Они поговорили о живописи Люциуса и о творческом вдохновении Марджори. Это будет тяжелая книга, призналась писательница. Тяжелая не дня написании, это само собой разумеется, а по сути. Стиляги и изнанка лондонской жизни. Уличные банды.

— А что вам известно об уличных бандах? — спросил Люциус.

— В юности мне довелось близко столкнуться с одной такой компанией. Банды — это банды; читающей публике они нравятся, даже сейчас. Читатели любят, когда их пугают. Жизнь наладилась, есть работа. Конечно, очень пугает бомба, но это слишком большой и глобальный страх, чтобы брать его с собой в постель. Молодежные шайки, распущенность и преступность в бедной, пользующейся дурной славой части города вызывают у людей дрожь и одновременно заставляют радоваться, что сами они уютно посиживают у камина, в своем удобном загородном доме.

После обеда Делия играла на фортепьяно и пела, а остальные сидели на террасе, где желтые свечи Бенедетты отгоняли насекомых, а музыка смешивалась с неумолчным жужжанием цикад, негромким уханьем совы и отдаленным рокотом моря.

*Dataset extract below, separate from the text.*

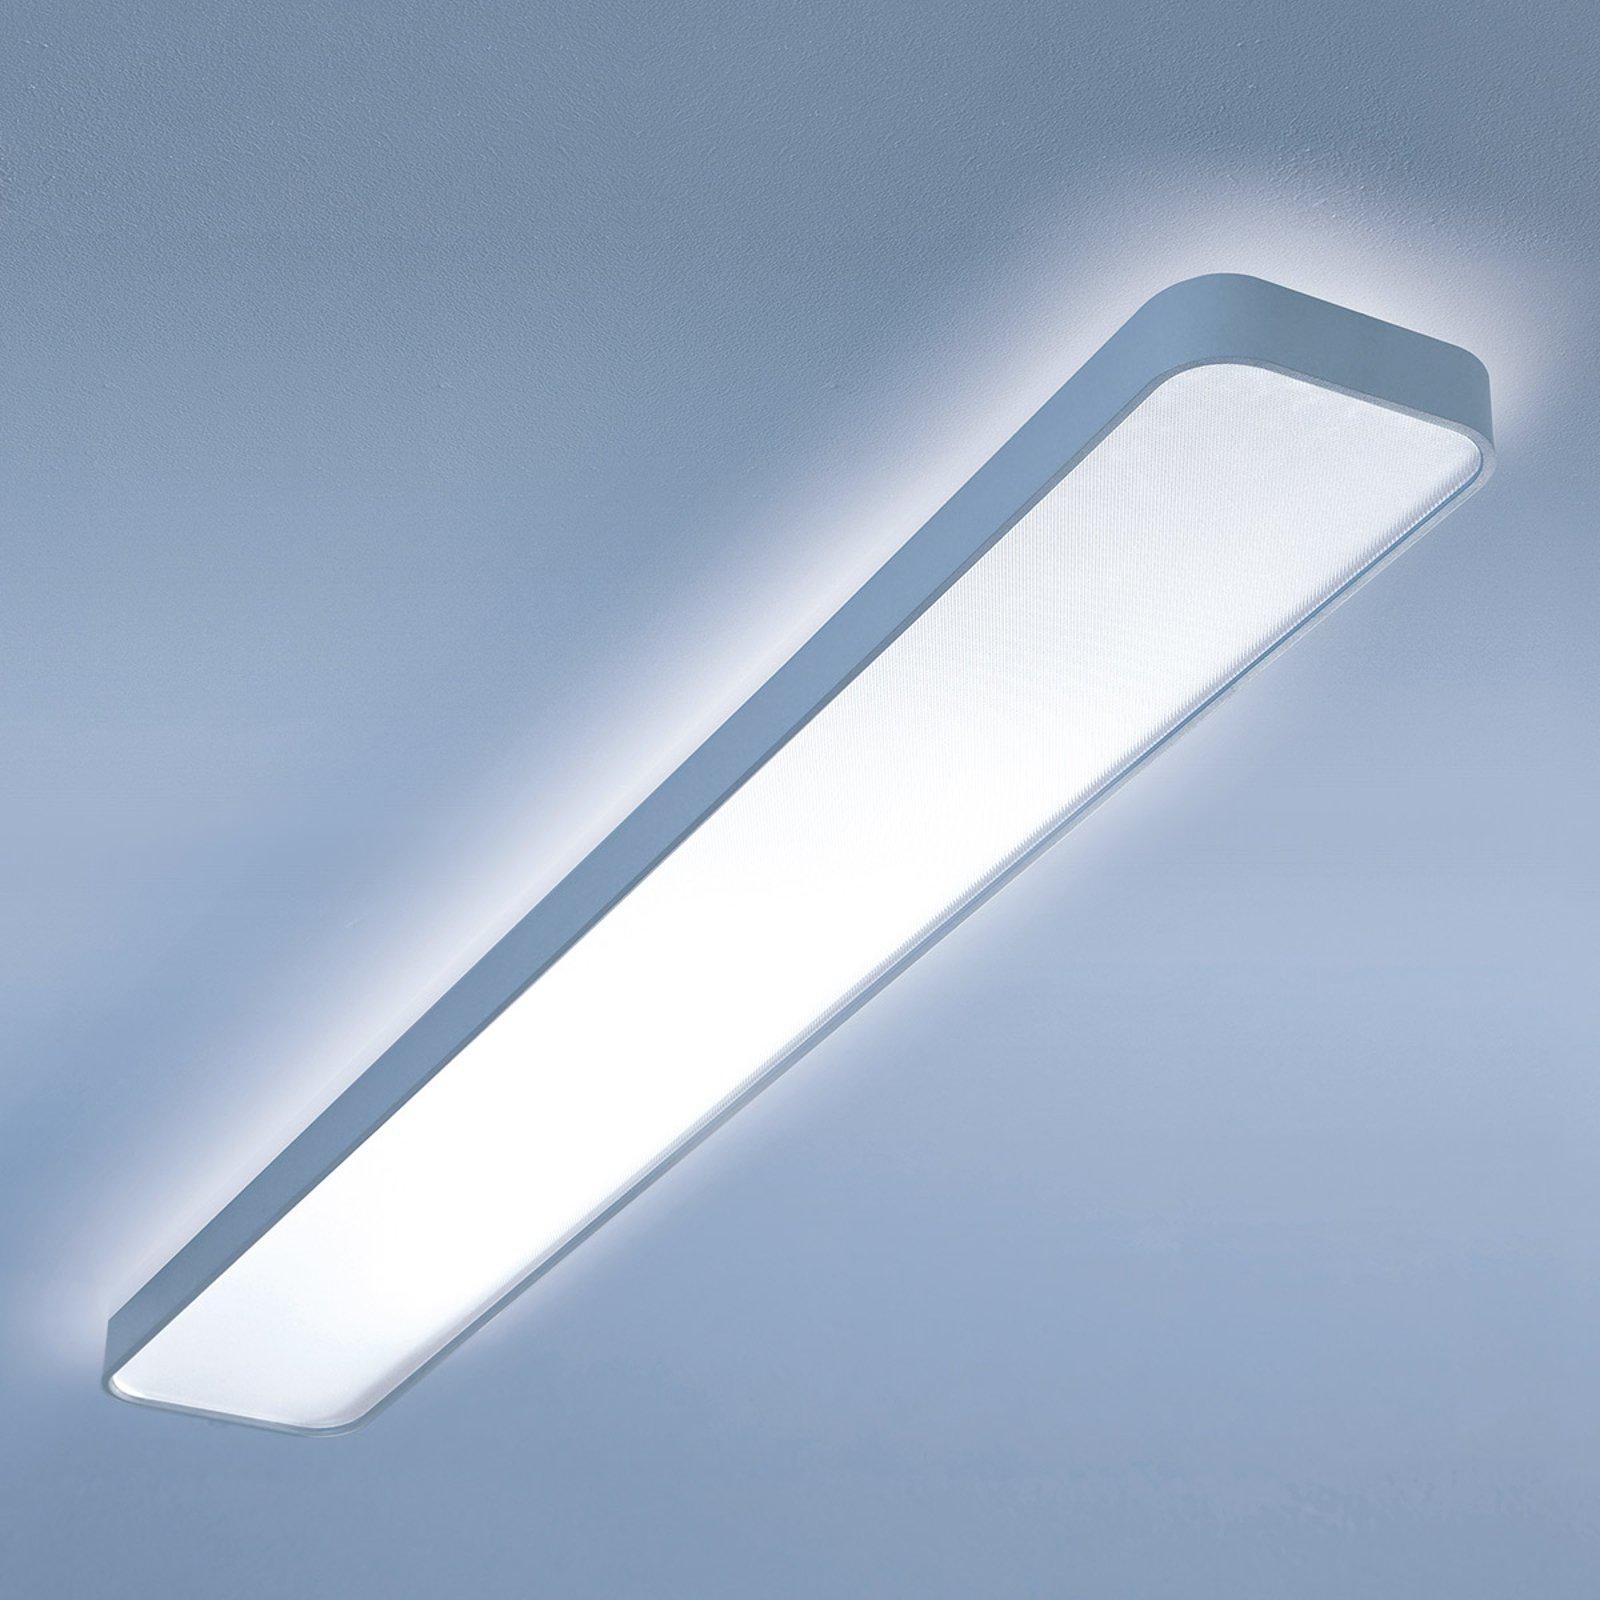 Caleo-X1 universalhvit LED-taklampe 120 cm

— Ах, если бы все это могло длиться вечно! — вздохнула Джессика. — Как бы я хотела, чтобы лето длилось без конца, чтобы облака никогда не заслоняли звезды, чтобы воздух благоухал, а весь мир ограничивался этой усадьбой.

— И в самом деле, рай, — отозвался Джордж. — Но это время еще придет, Джессика. А пока что думайте о спокойствии после бури, о тихой гавани после опасного путешествия…

— А это откуда? — спросила Мелдон. — Тоже Данте?

— Ариосто, — ответила за него Марджори. — Он был переведен на английский Джоном Харрингтоном, которому мы обязаны также изобретением ватерклозета. Он был одним из многих елизаветинцев, у которых был роман с Италией и всем итальянским.

— Я думаю, эта страна завораживает англичан, — кивнул Джордж.

— А я думаю, — закуривая сигарету, проговорила Джессика, — что любое место, где нет мороси и тумана, завораживает англичан. Послушайте, коль скоро мы сейчас одни, хочу спросить: вы отдаете себе отчет, что с тех пор как приехали Тео и Фелисити, вы и палец о палец не ударили для того, чтобы найти этот самый кодицилл? Не сегодня завтра il dottore постучится в дверь, и ничего не останется, как признать свой проигрыш.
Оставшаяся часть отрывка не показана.